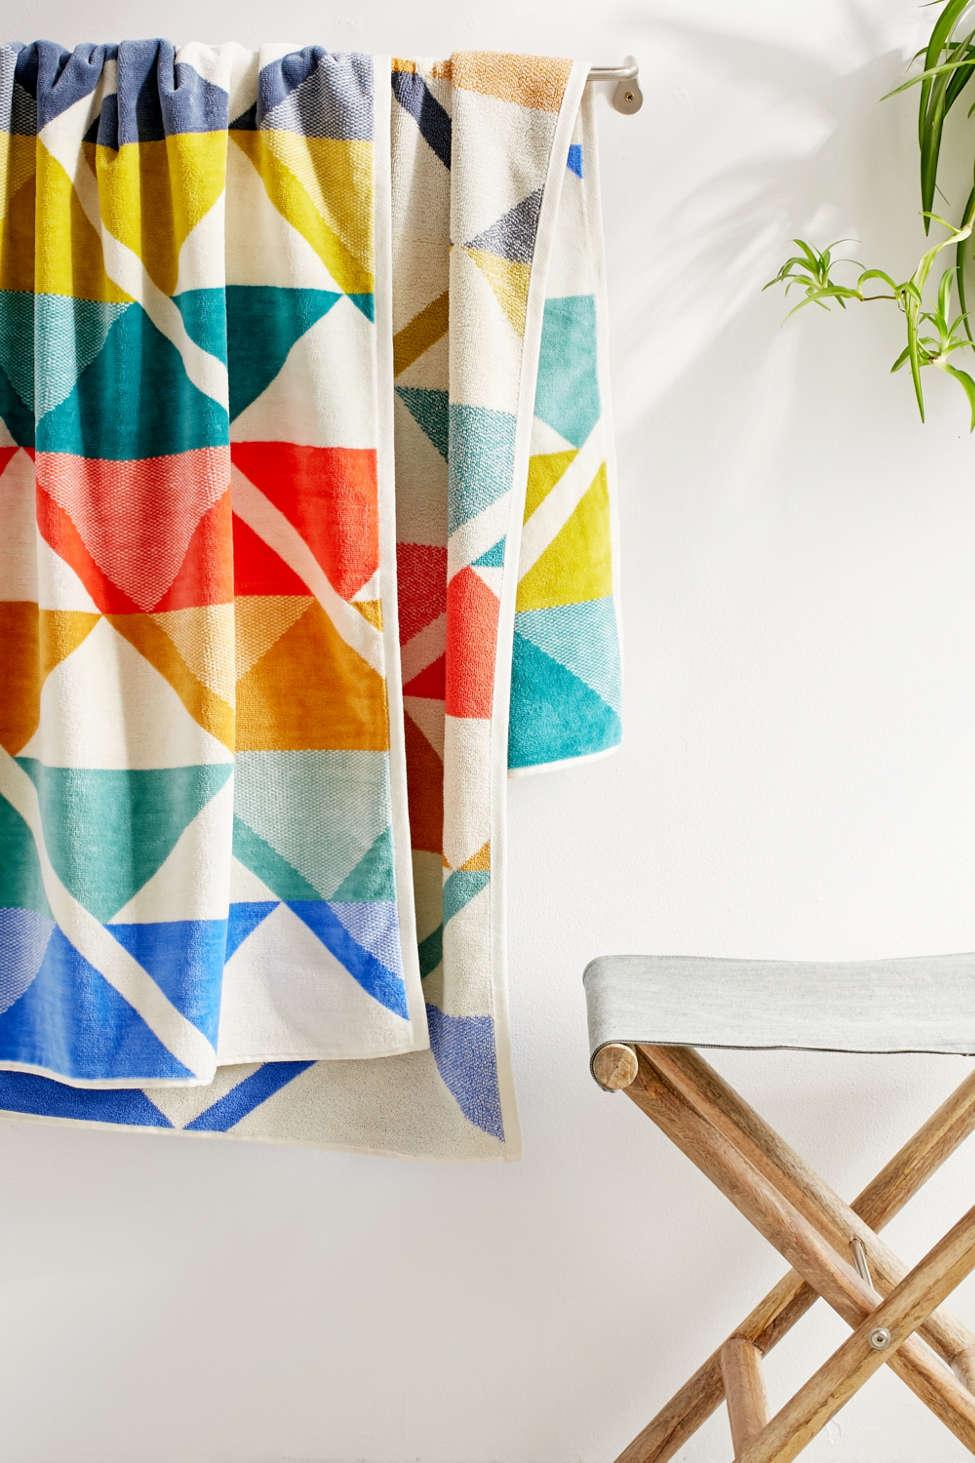 Slide View: 2: Pendleton Serrado Towel For Two Oversized Towel
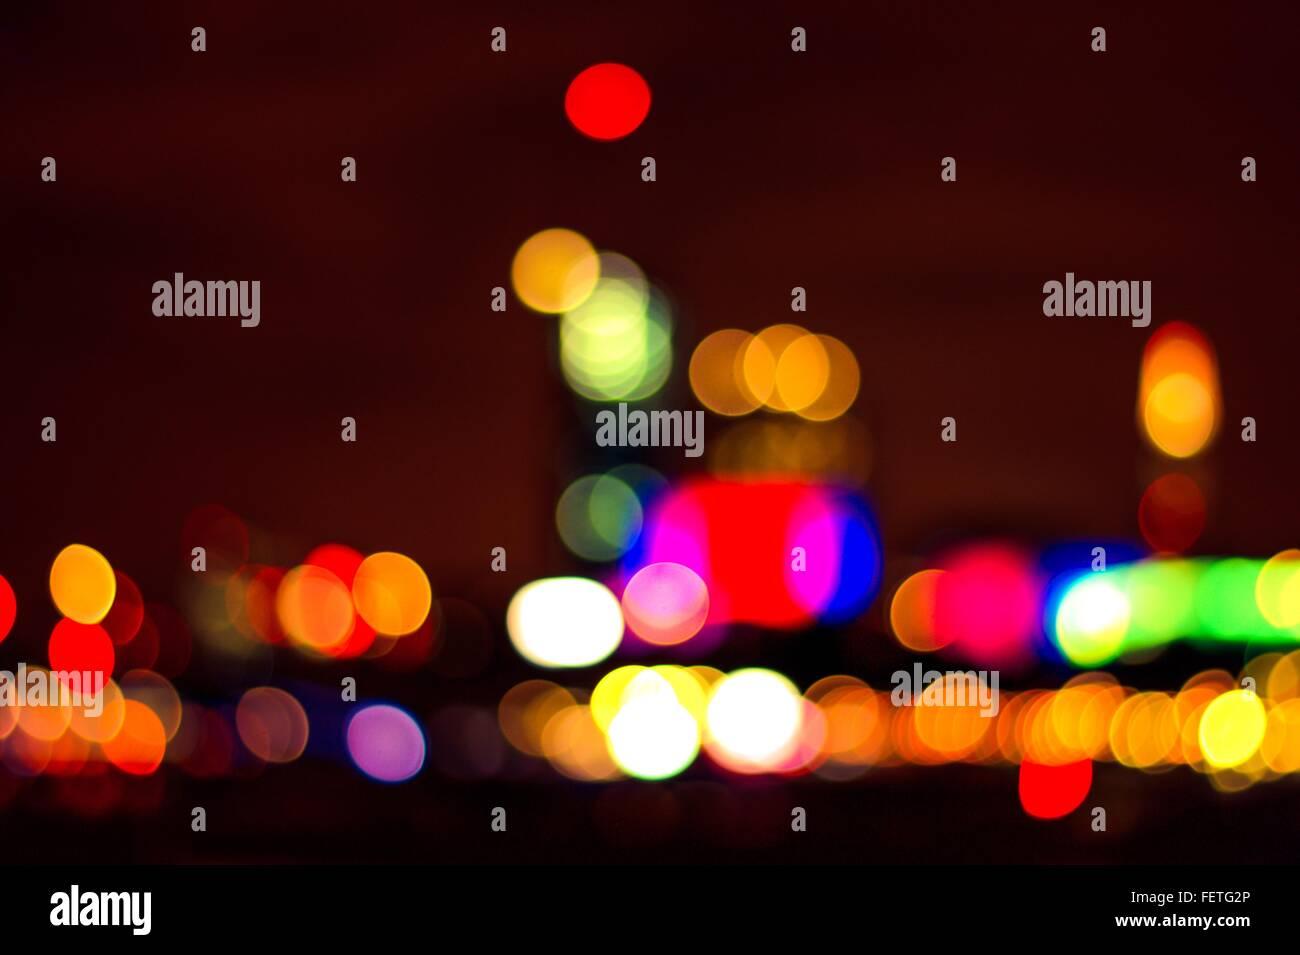 Multi Colored Lights - Stock Image
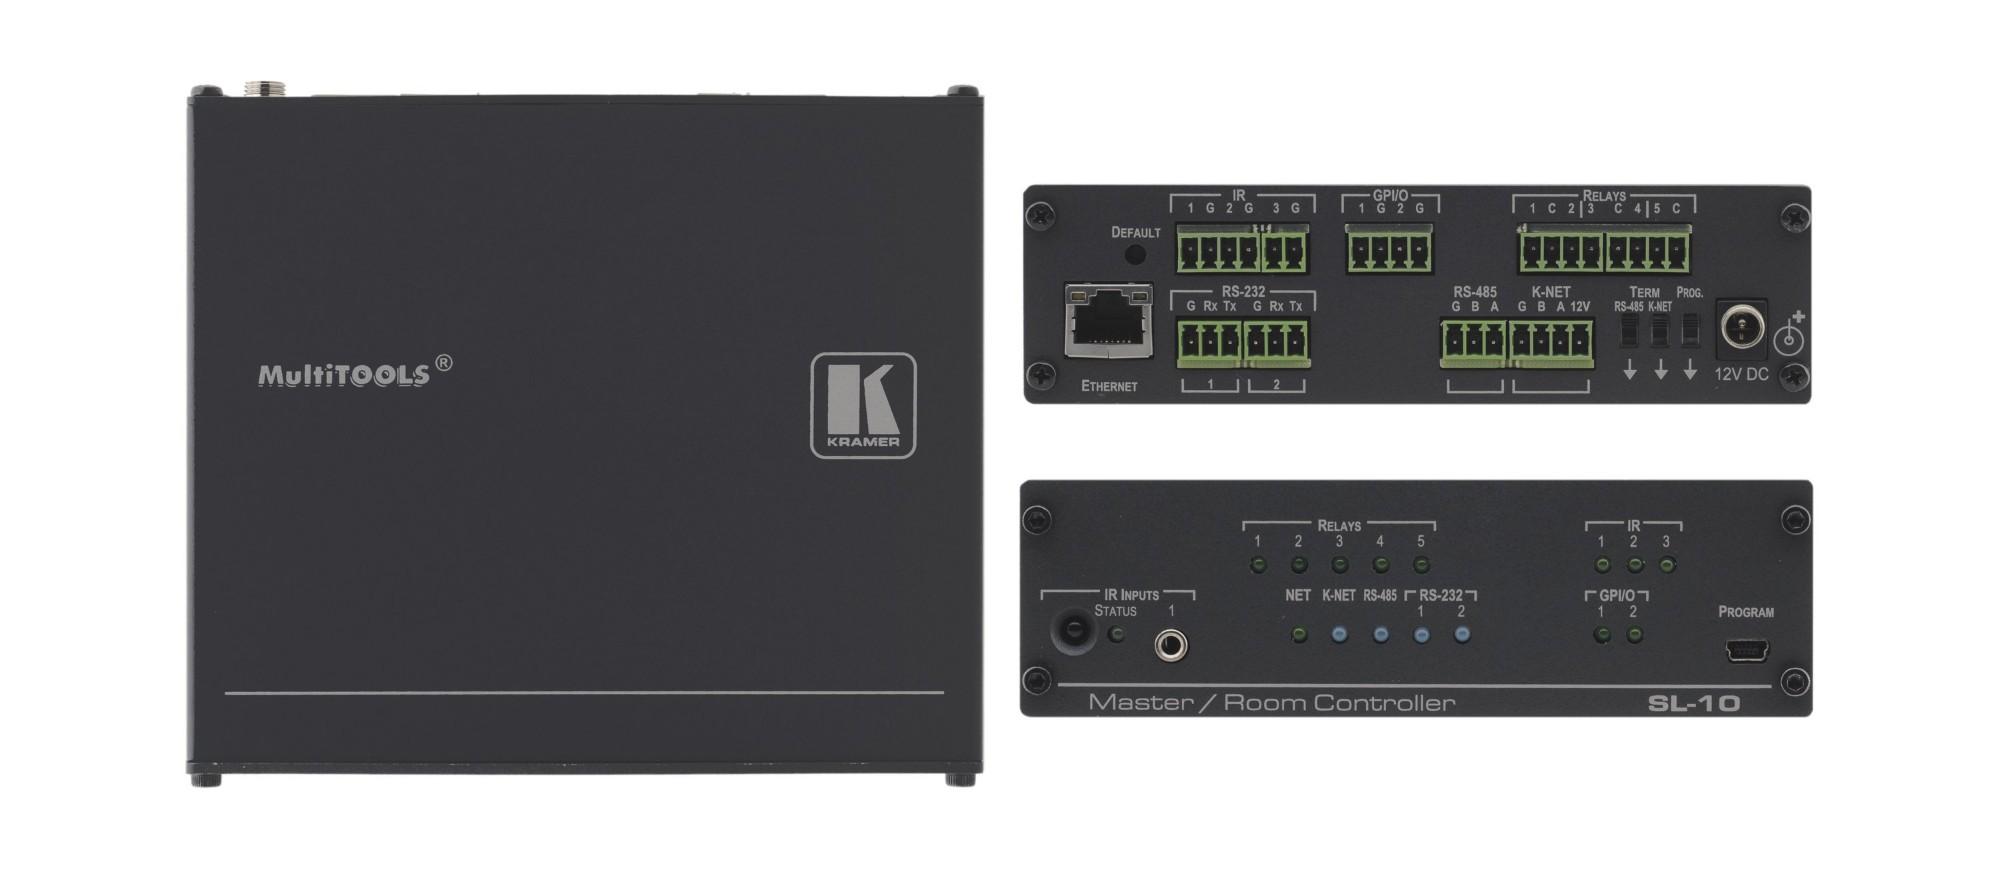 Kramer Electronics SL-10 Black multiroom audio controller

_ _ _ _

▶ Exercise instructions: Write out the whole listing verbatim, images excluded.

▶ Written response:
 Slide View: 2: Pendleton Serrado Towel For Two Oversized Towel
 Multi Colored Lights - Stock Image
 Kramer Electronics SL-10 Black multiroom audio controller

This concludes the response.